The effect of common minerals on plastic filling modification
Filling modification of plastics refers to a type of composite technology that adds low-cost fillers to resin to reduce the cost of polymer products. Its primary purpose is often to reduce costs. But since it is filling modification, it is also possible to improve certain properties after filling.
In thermoplastics, filling can improve the heat resistance, rigidity, hardness, dimensional stability, creep resistance, wear resistance, flame retardancy, smoke elimination and degradability of composite products, and reduce the molding shrinkage rate to improve Product accuracy; in thermosetting plastics, in addition to the aforementioned performance improvements, some resins are essential reinforcing materials in processing, such as unsaturated resins, phenolic resins and amino resins, which all need to be filled and reinforced.
Common modification properties of fillers
① Improve the rigidity of composite materials: specifically reflected in performance indicators such as flexural strength, flexural modulus, and hardness. The higher the silica content in the filler, the more obvious the rigidity modification effect will be. The order of rigidity modification of various fillers is silica (increase by 120%) > mica (increase by 100%) > wollastonite (increase by 80%) > barium sulfate (increase by 60%) > talc (increase by 50%) > Heavy calcium carbonate (increased by 30%) > light calcium carbonate (increased by 20%).
② Improve the dimensional stability of composite materials: specifically reflected in reducing shrinkage, reducing warpage, reducing linear expansion coefficient, reducing creep, and increasing isotropy. The order of dimensional stability effects is spherical fillers > granular fillers > flaky fillers >Fibrous filler.

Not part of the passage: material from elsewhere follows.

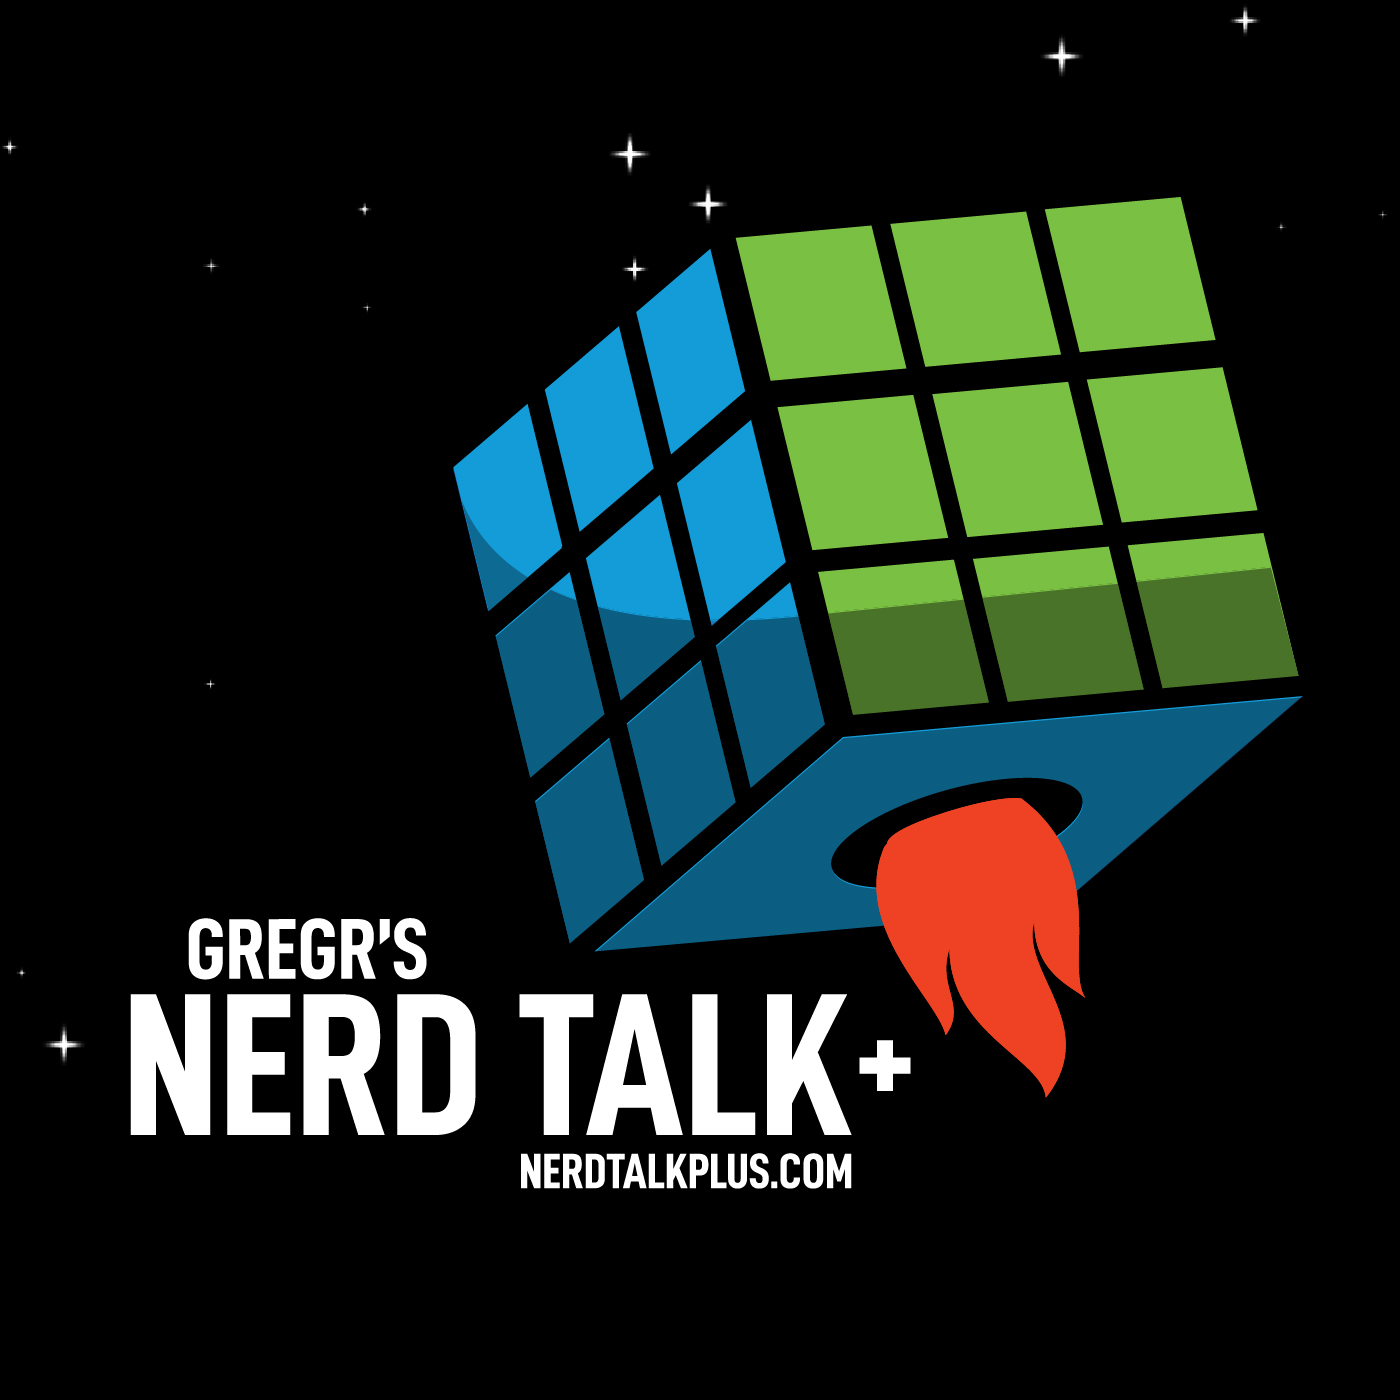 March 28, 2023 - Nerd Talk+

③Improve the heat resistance of composite materials: The specific performance index is the heat deformation temperature. For example, the heat deformation temperature increases with the increase of talc powder content.

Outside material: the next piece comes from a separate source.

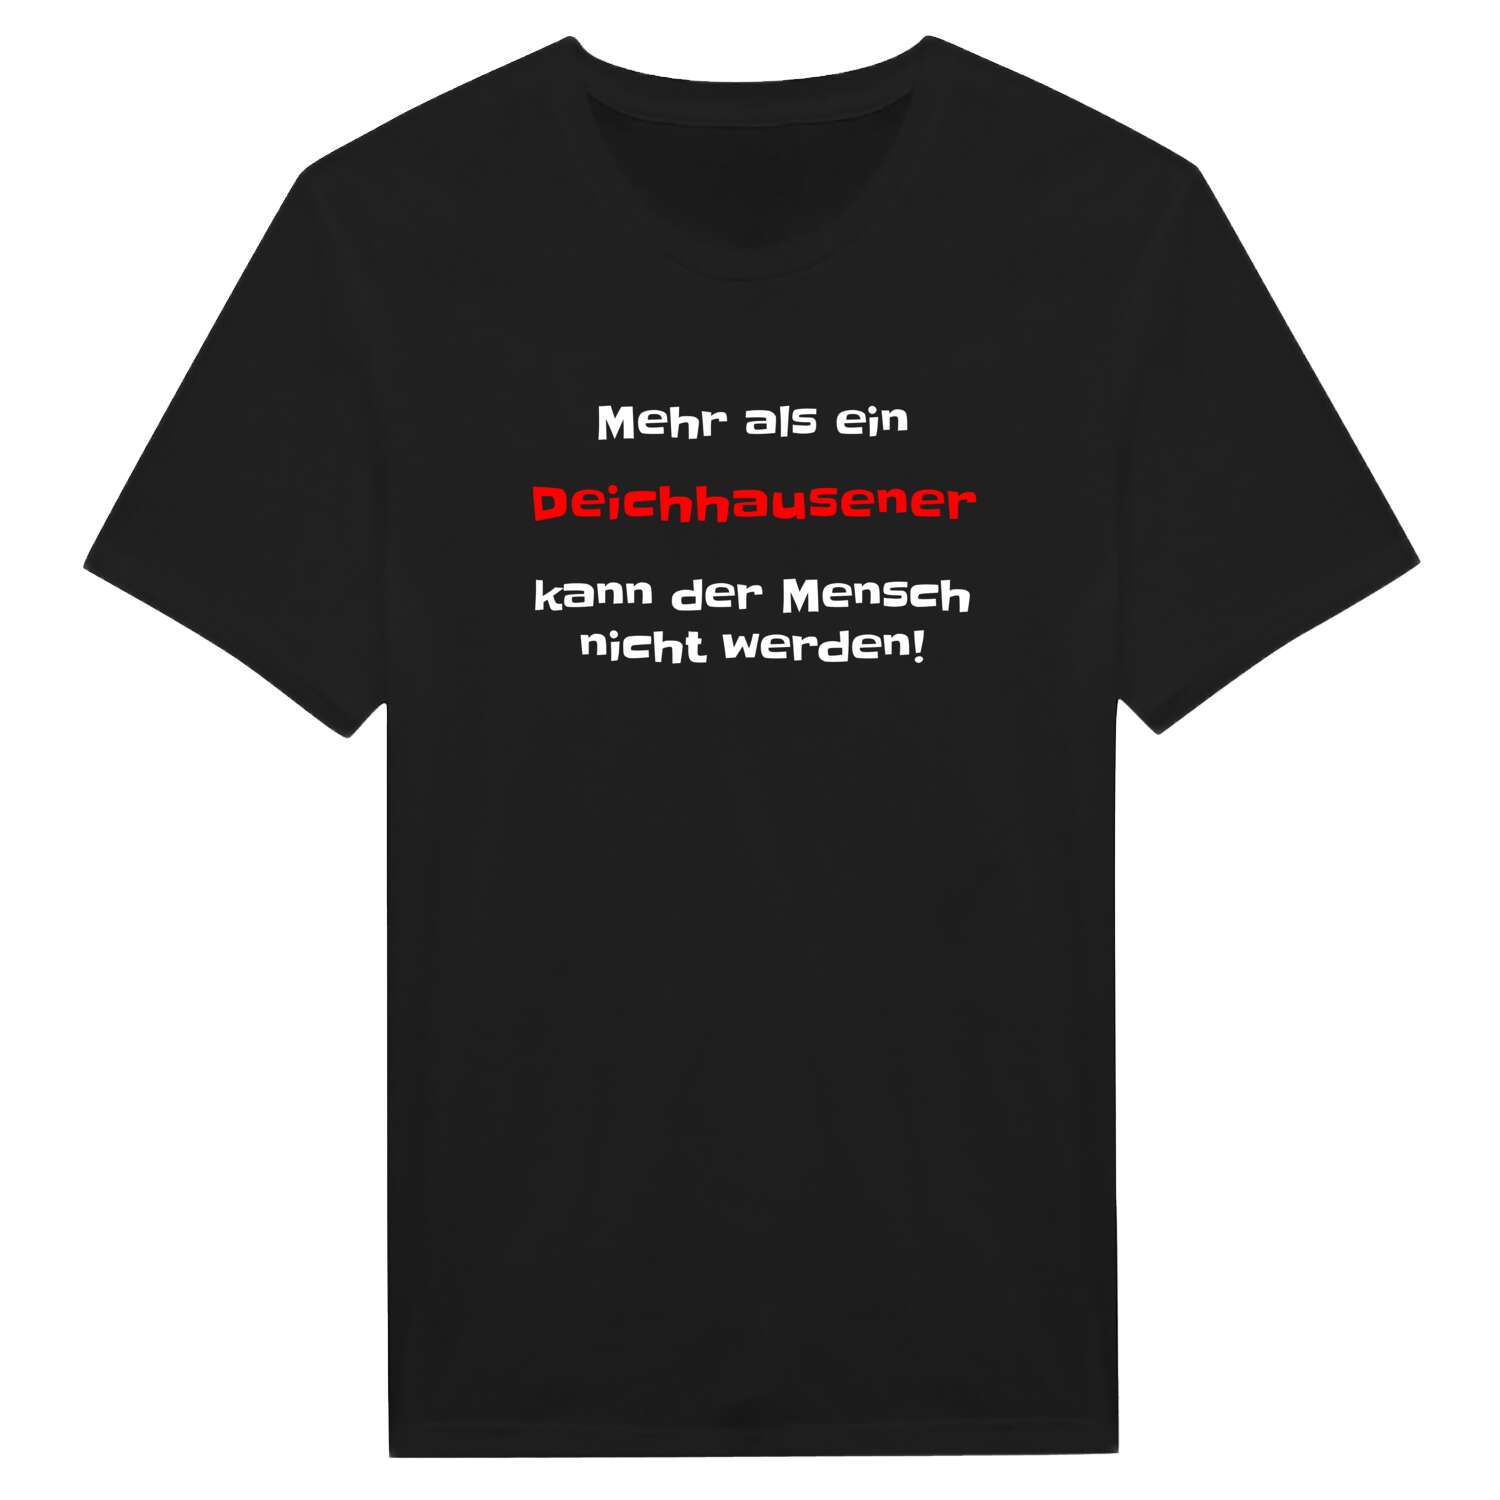 Deichhausen T-Shirt »Mehr als ein«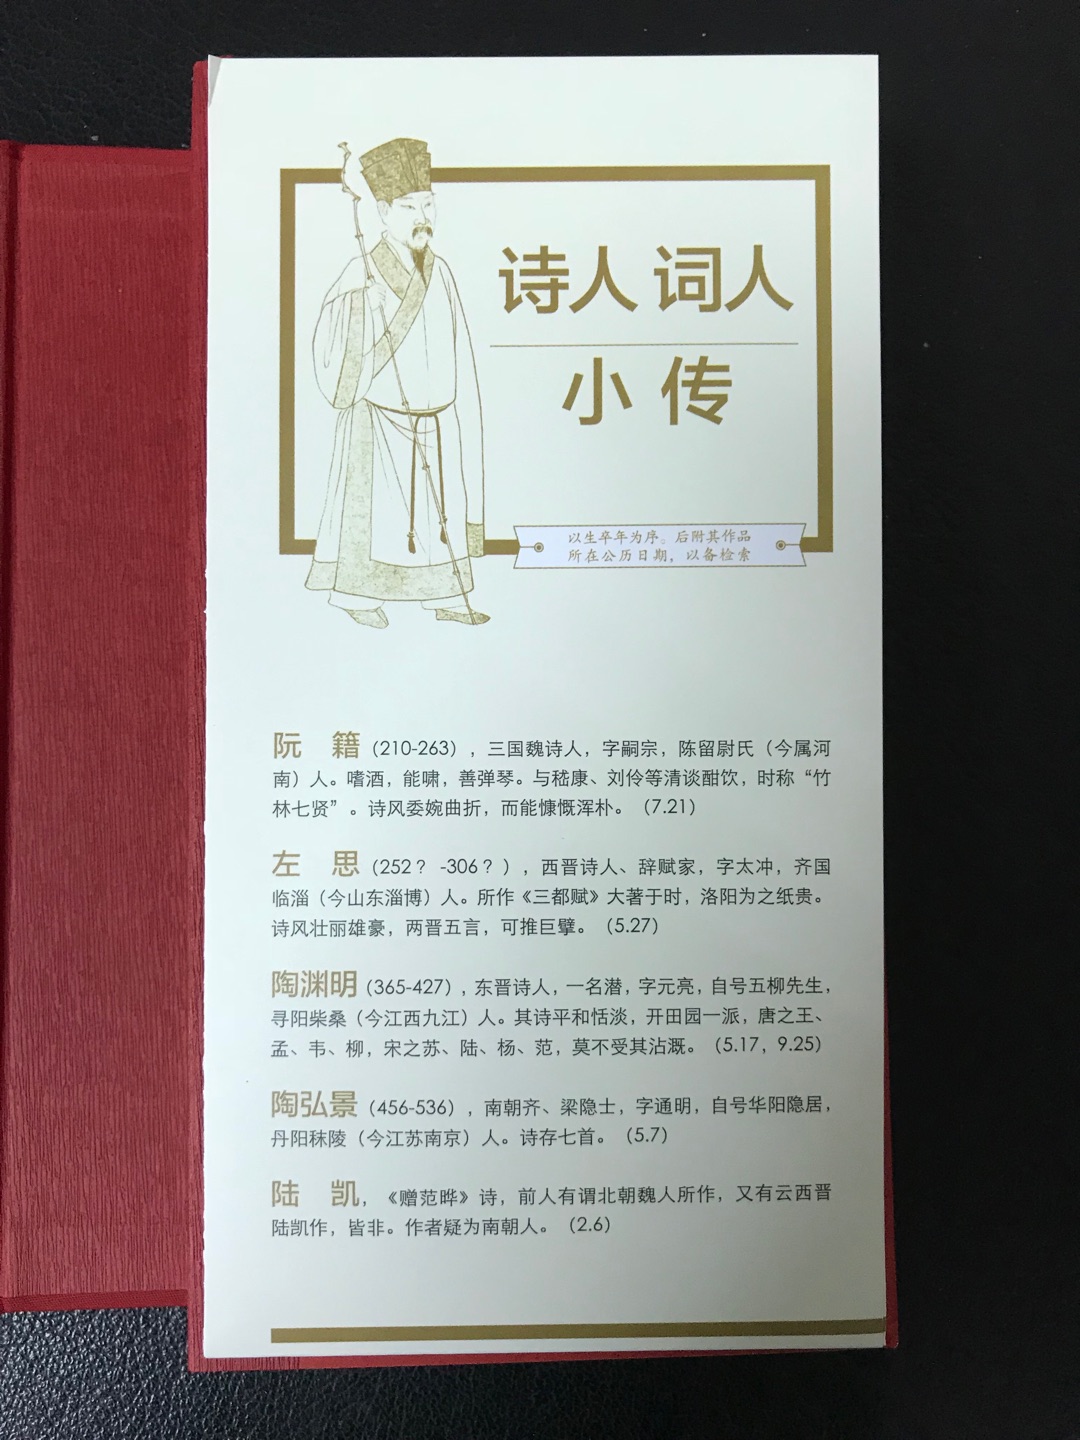 中华书局出版的《中华诗词日历》所附诗词均有简略解释、评介。对于初学者来说很有必要。另一个优点是附了一份诗人词人小传，使日历成为一本内容完整的诗词教科书手册。

④ Improve the thermal stability of composite materials: Inorganic powders can absorb and promote analyte substances to varying degrees, thereby degrading the degree of thermal decomposition. In addition, inorganic fillers can also improve the wear resistance and hardness of composite materials.
Special modified properties of fillers
The reason why it is called the special modifying properties of fillers is that some fillers have and some do not have these modifying functions. The same filler may or may not have modifying functions under different conditions.

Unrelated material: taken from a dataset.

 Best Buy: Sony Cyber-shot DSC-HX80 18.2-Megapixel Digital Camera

① Improve the tensile and impact properties of composite materials: Inorganic powder cannot always improve the tensile and impact properties of composite materials. It can only be improved when special conditions are met, and the improvement is not large. After the inorganic filler reaches a certain fineness, the tensile strength and impact strength of the composite material can be improved if the filler surface is well coated and a compatibilizer is added to the composite system.
② Improve the fluidity of composite materials: Most inorganic powders can improve the fluidity of composite materials, but talc powder reduces the fluidity of composite materials.
③ Improve the optical properties of composite materials: Inorganic powder can improve the covering, matting and astigmatism of composite materials. For example, titanium dioxide is a typical inorganic pigment with strong covering power.
④Improve the environmentally friendly combustion performance of composite materials: First, inorganic powder materials can make composite materials burn thoroughly, because cracks will occur during combustion and increase the oxygen contact area; second, inorganic powder materials can absorb some toxic gases when composite materials burn, Reduce toxic gas emissions; third, inorganic powder improves the thermal conductivity of composite materials, making combustion faster and shortening combustion time.
⑤ Promote the flame retardancy of composite materials: Not all inorganic powders are helpful for flame retardancy. Only inorganic powders containing silicon elements can help improve the flame retardancy and can be used as flame retardant synergists. The specific reason is that when silicon-containing materials are burned, a barrier layer can be formed on the surface of the combustion material to reduce the probability of oxygen contacting the material surface.
⑥ Optimize other properties of composite materials: nucleating agent function. When the particle size of talc powder is less than 1 μm, it can act as an inorganic nucleating agent in PP. To block infrared rays, inorganic powders containing silicon such as talc, kaolin, and mica all have good infrared and ultraviolet blocking properties.